### Exercise material ###
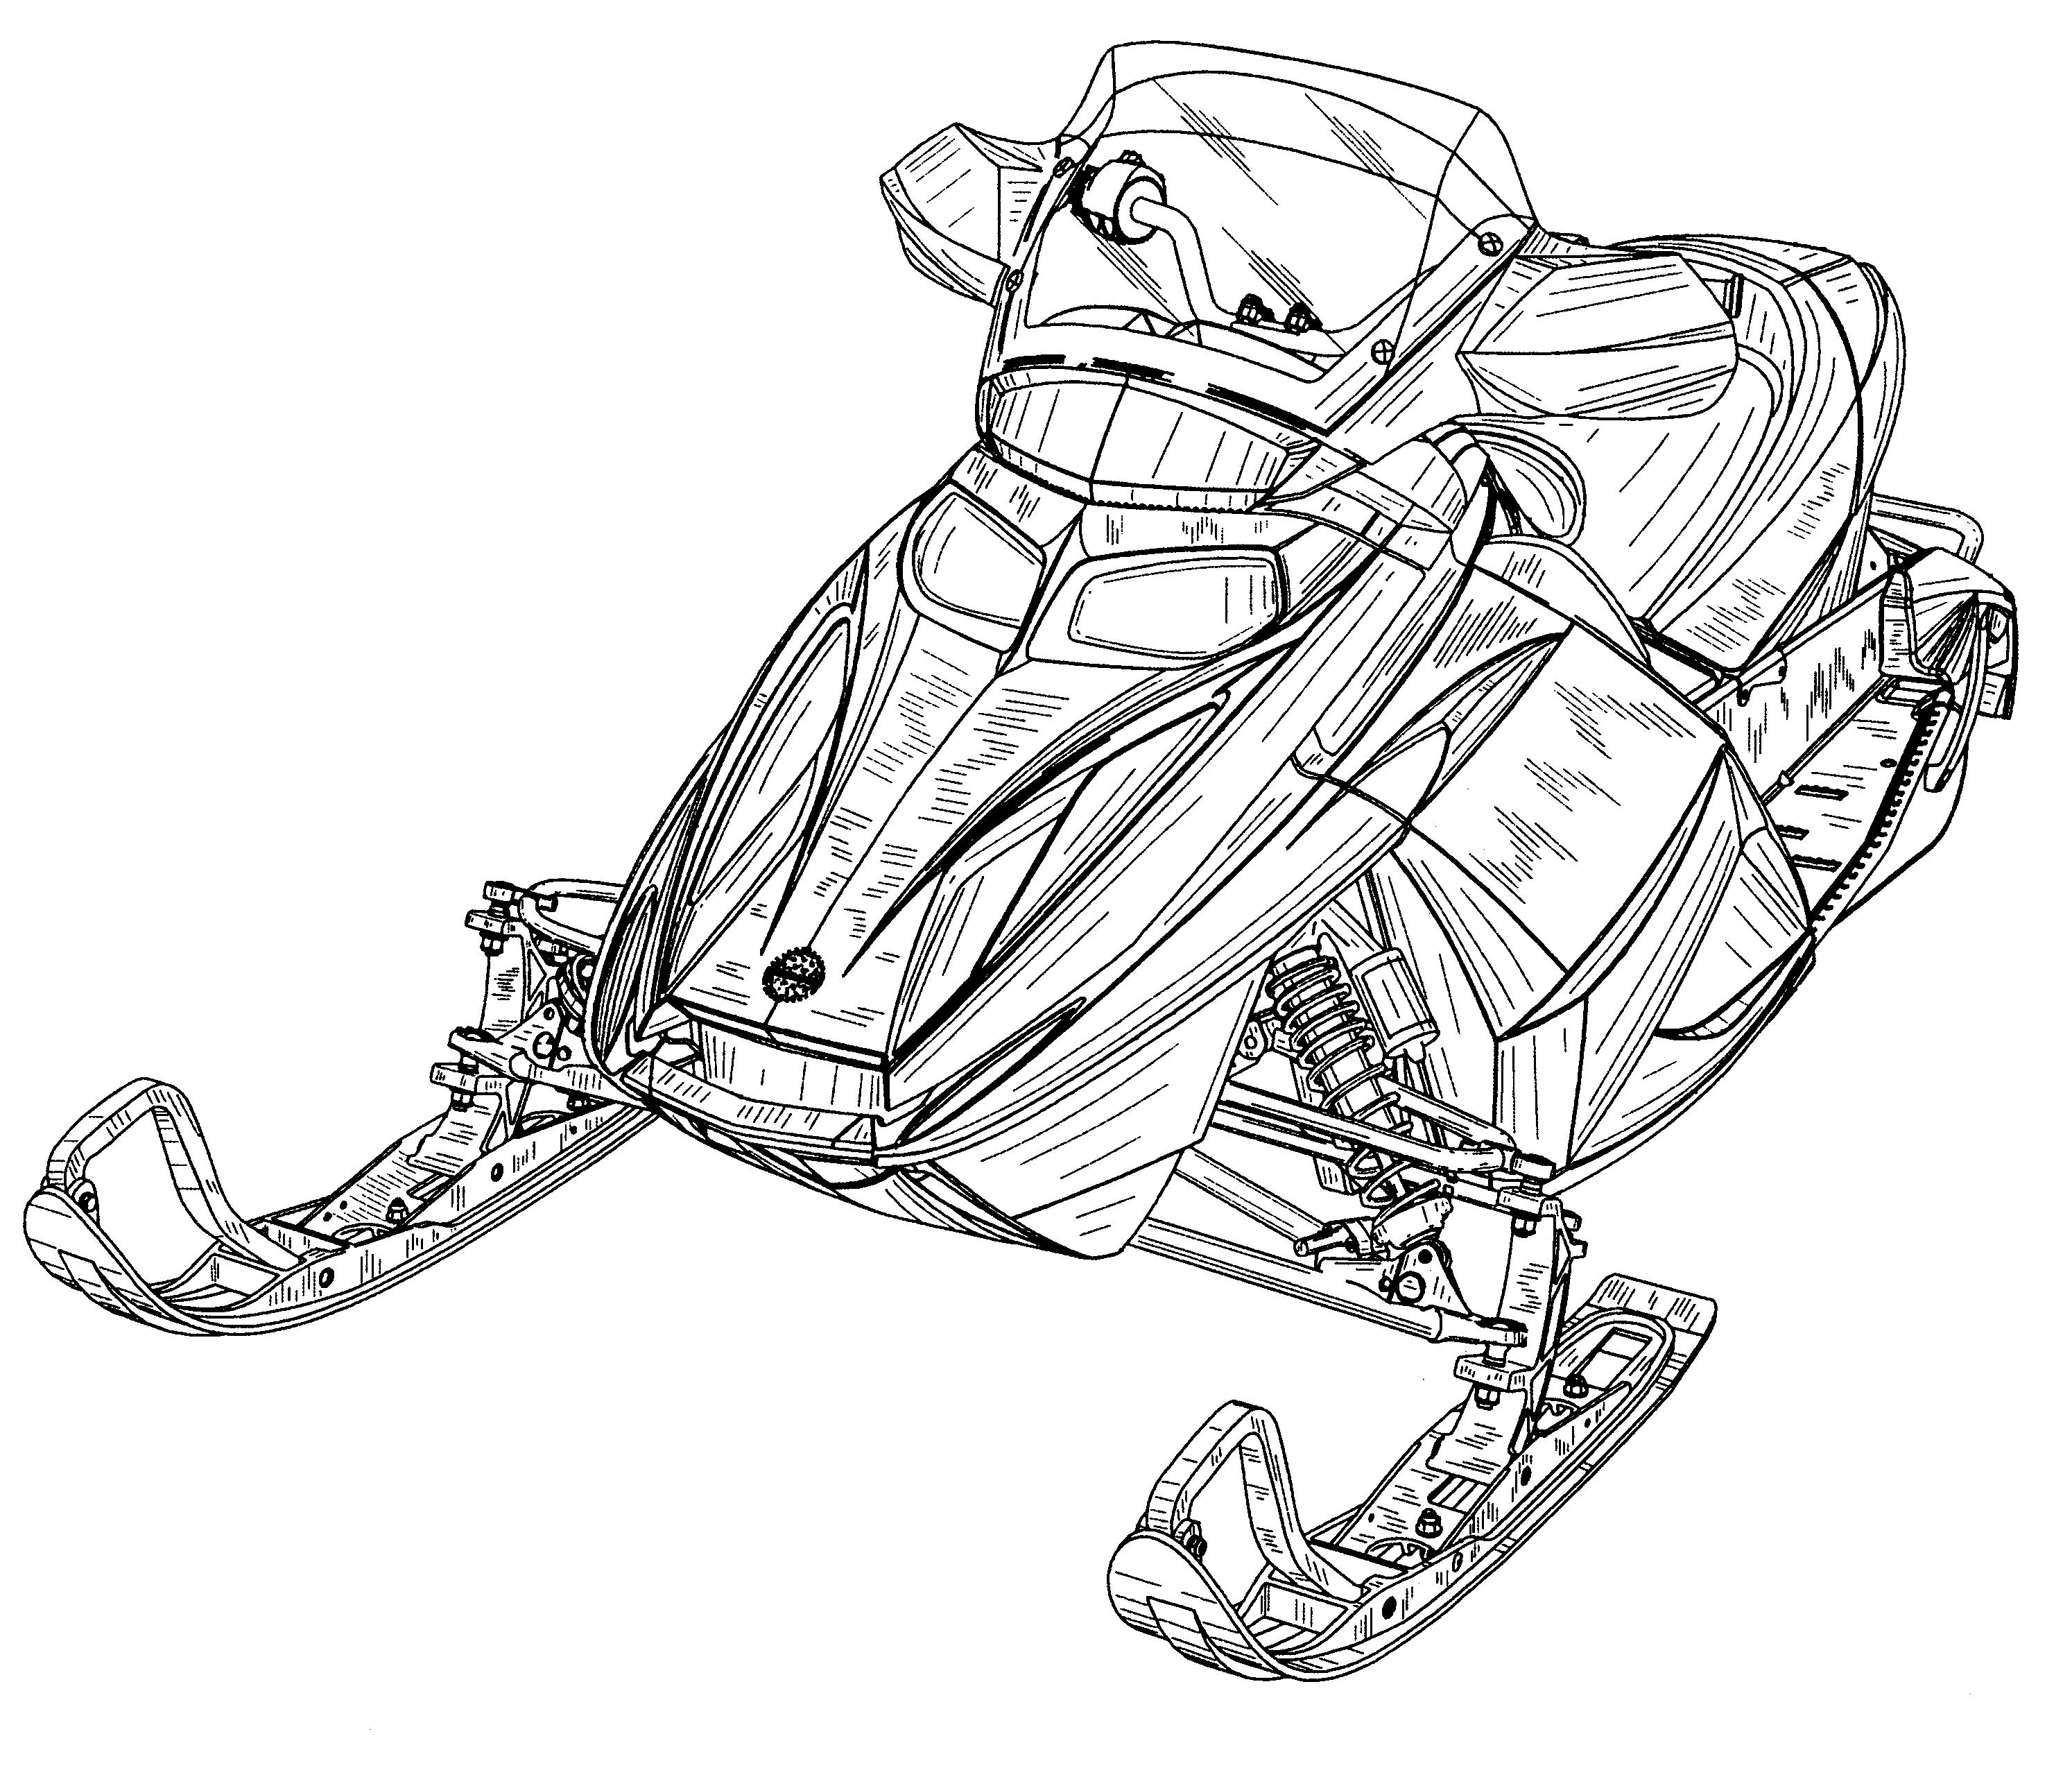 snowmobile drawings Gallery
###
### Exercise material ###
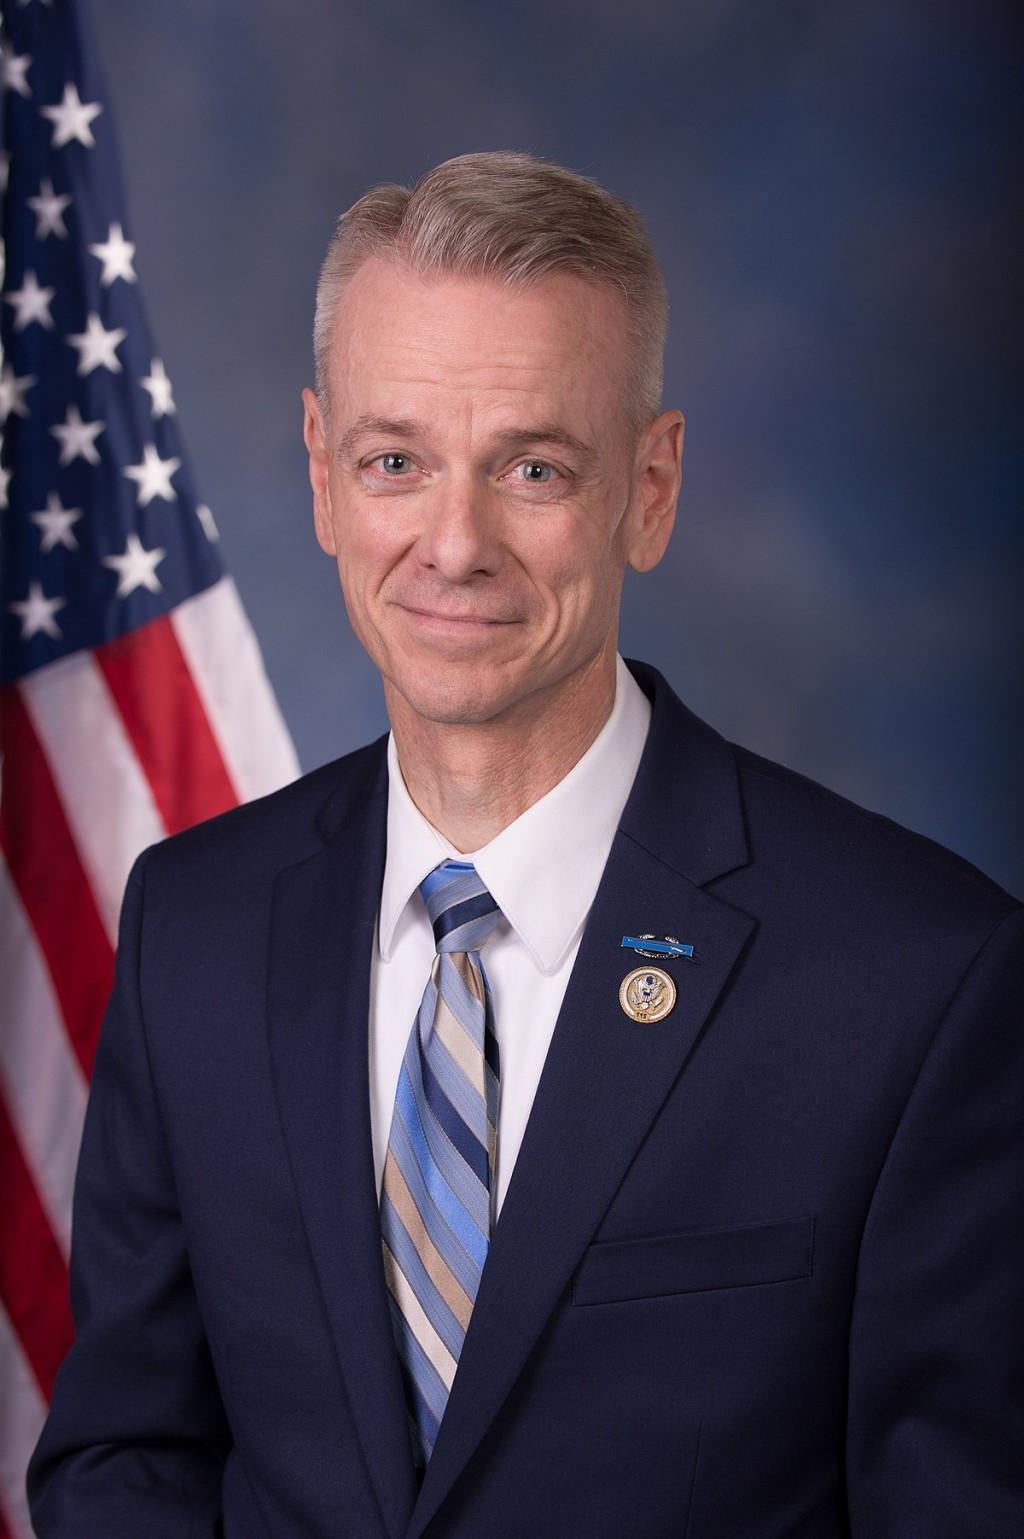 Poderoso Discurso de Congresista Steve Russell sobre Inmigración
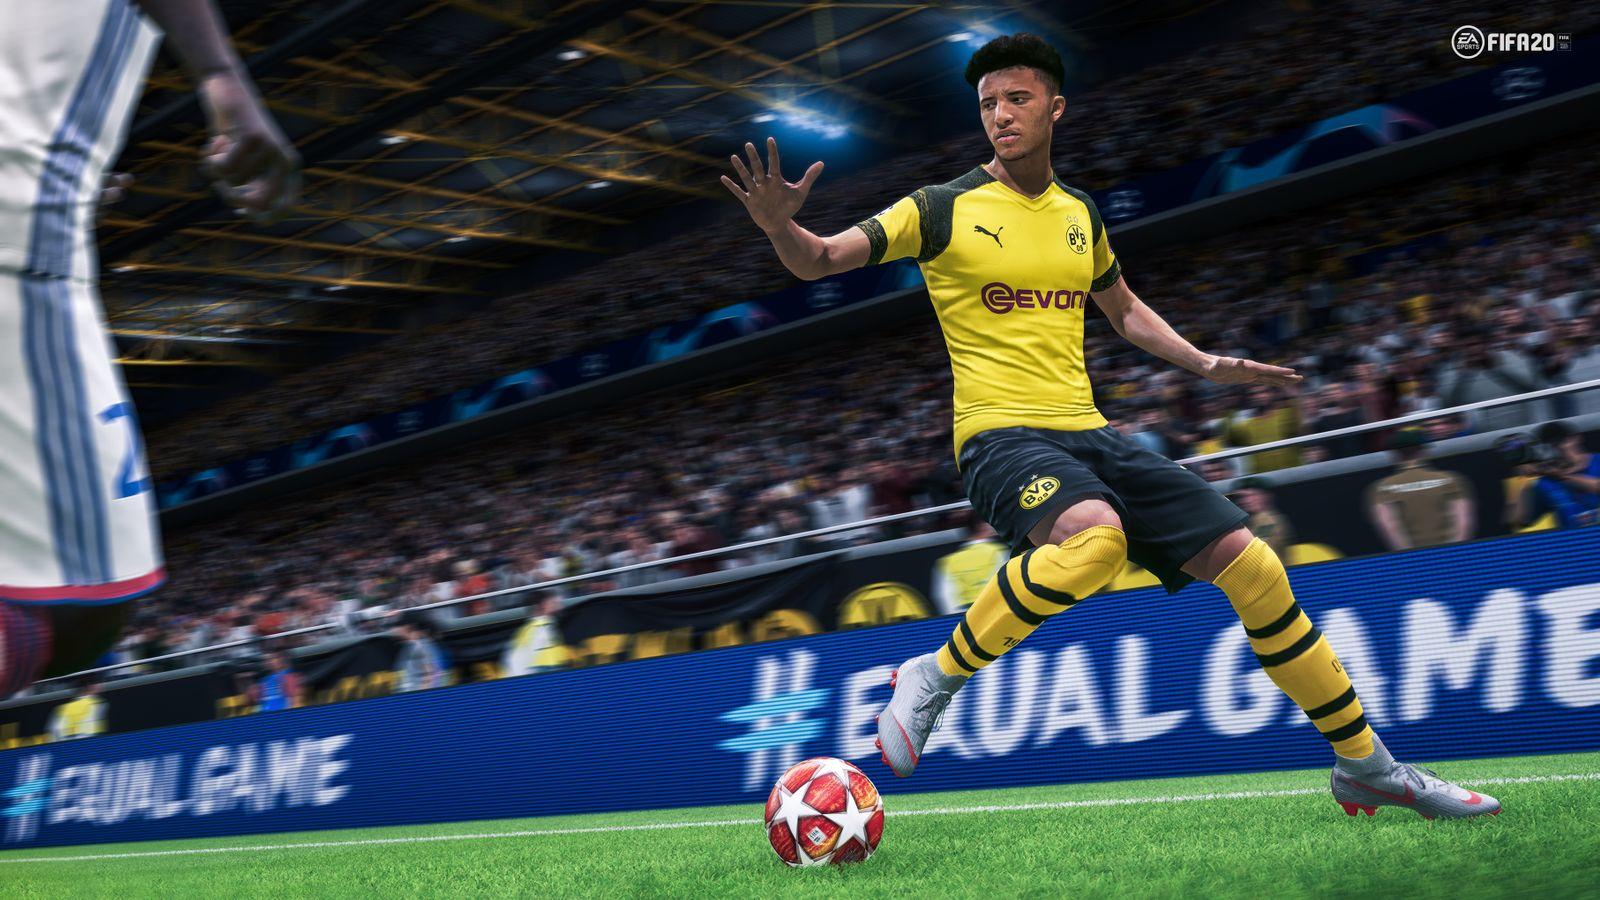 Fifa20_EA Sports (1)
###
Action item:
Give back exactly the lines above from the one with "Poderoso Discurso de" through the one with "Fifa20_EA Sports (1)", both included. Pictures don't belong in the copy.

Reply:
 Poderoso Discurso de Congresista Steve Russell sobre Inmigración
 Fifa20_EA Sports (1)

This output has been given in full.